Von der Sehnsucht nach dem Licht*

* Das Flugblatt, das unter dieser  Überschrift am  13. Dezemberr 2021 anstelle eines durch Verbote und Maßnahmen leider verhinderten Straßengottesdienstes veröffentlicht wurde, kann auf meiner Domain www.wb2020.de eingesehen werden.

Eine sächsische Kleinstadt. Das Rathaus, die Musikschule, das Theater, auch die Kirche –  so ein Theater! – haben  aus Protest gegen die Montagsdemonstration das Licht ausgemacht im Advent.

Wo ist nun die Finsternis, und wo das Licht?

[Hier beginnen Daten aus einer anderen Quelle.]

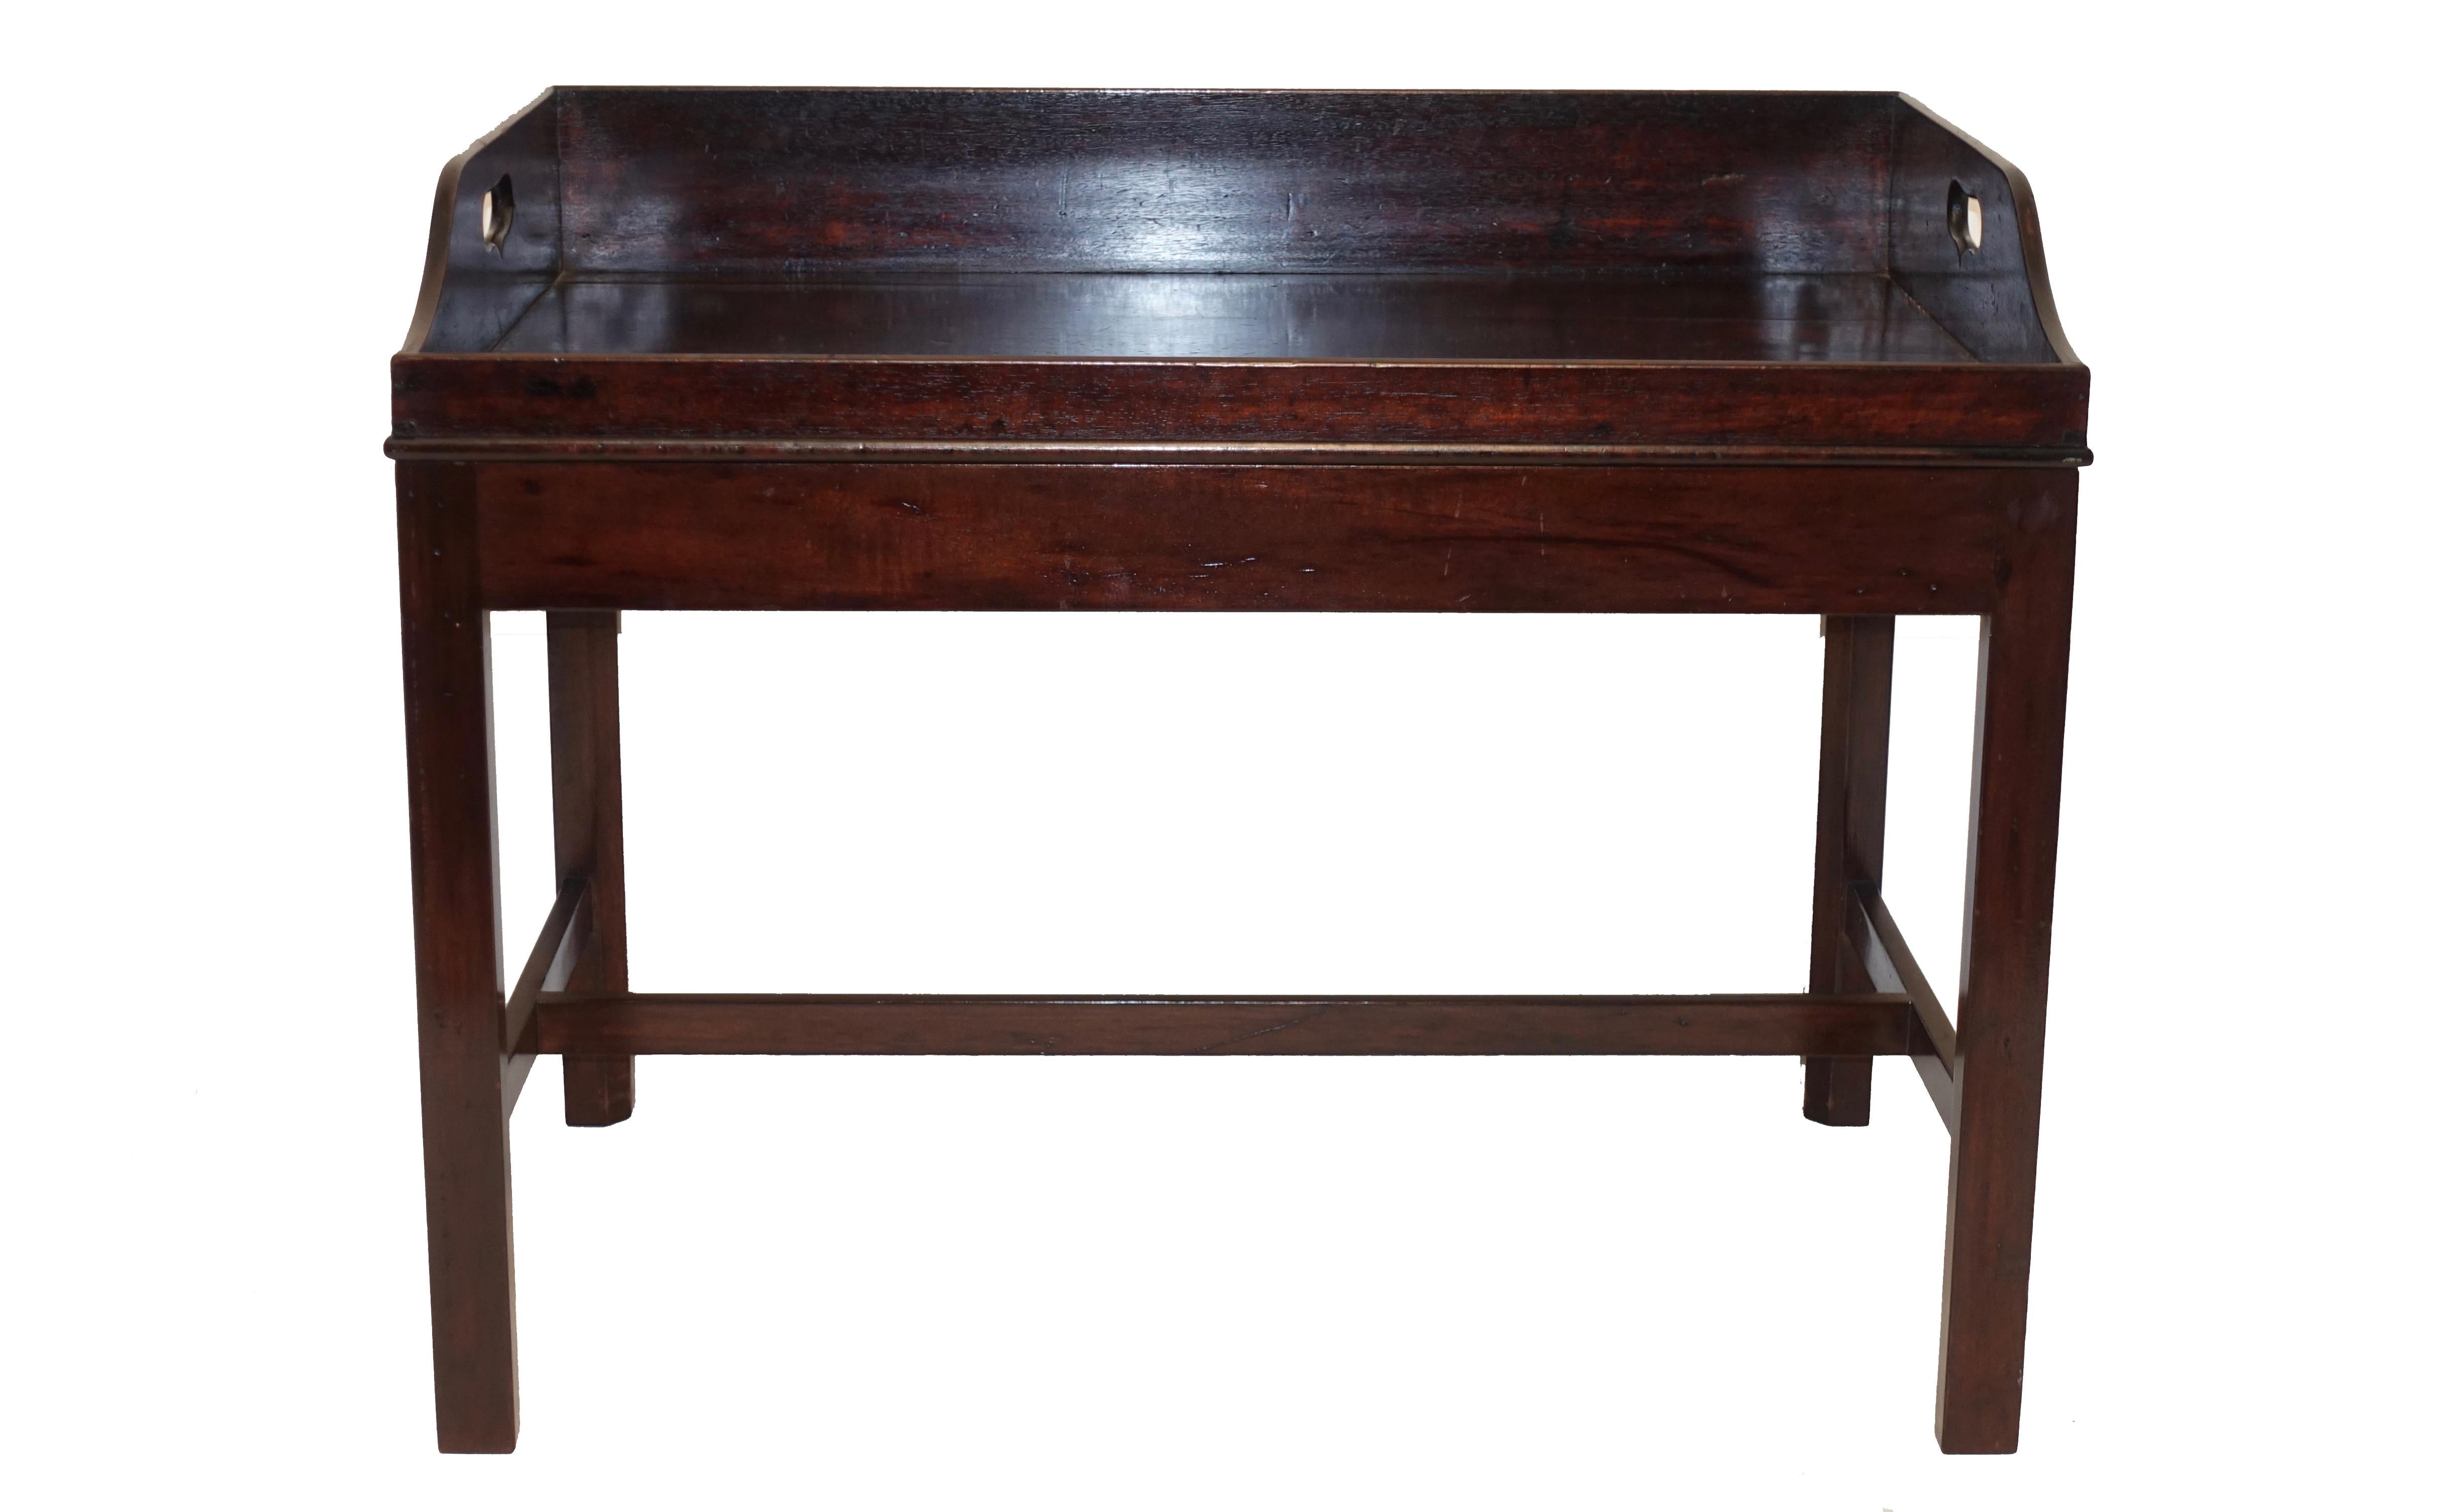 Georgian mahogany butlers tray on later made mahogany stand, England, mid-19th century.

Licht und Finsternis: Trostworte aus Jesaja                                                     

Mache dich auf, werde licht; denn dein Licht kommt, und die Herrlichkeit des Herrn geht auf über dir! Denn siehe, Finsternis bedeckt das Erdreich und Dunkel die Völker; aber über Dir geht auf der Herr und seine Herrlichkeit erscheint über dir.                                                                                                Jes 60, 1 – 2

Denn so spricht der Herr, der Hohe und Erhabene, der ewig wohnt, dessen Name heilig ist: Ich wohne in der Höhe und im Heiligtum und bei denen, die zerschlagenen und demütigen Geistes sind, auf dass ich erquicke den Geist der Gedemütigten und das Herz der Zerschlagenen.                                       Jes 57, 15

Weh denen, die Böses gut und Gutes böse nennen, die aus Finsternis Licht und aus Licht Finsternis machen, die aus sauer süß und aus süß sauer machen.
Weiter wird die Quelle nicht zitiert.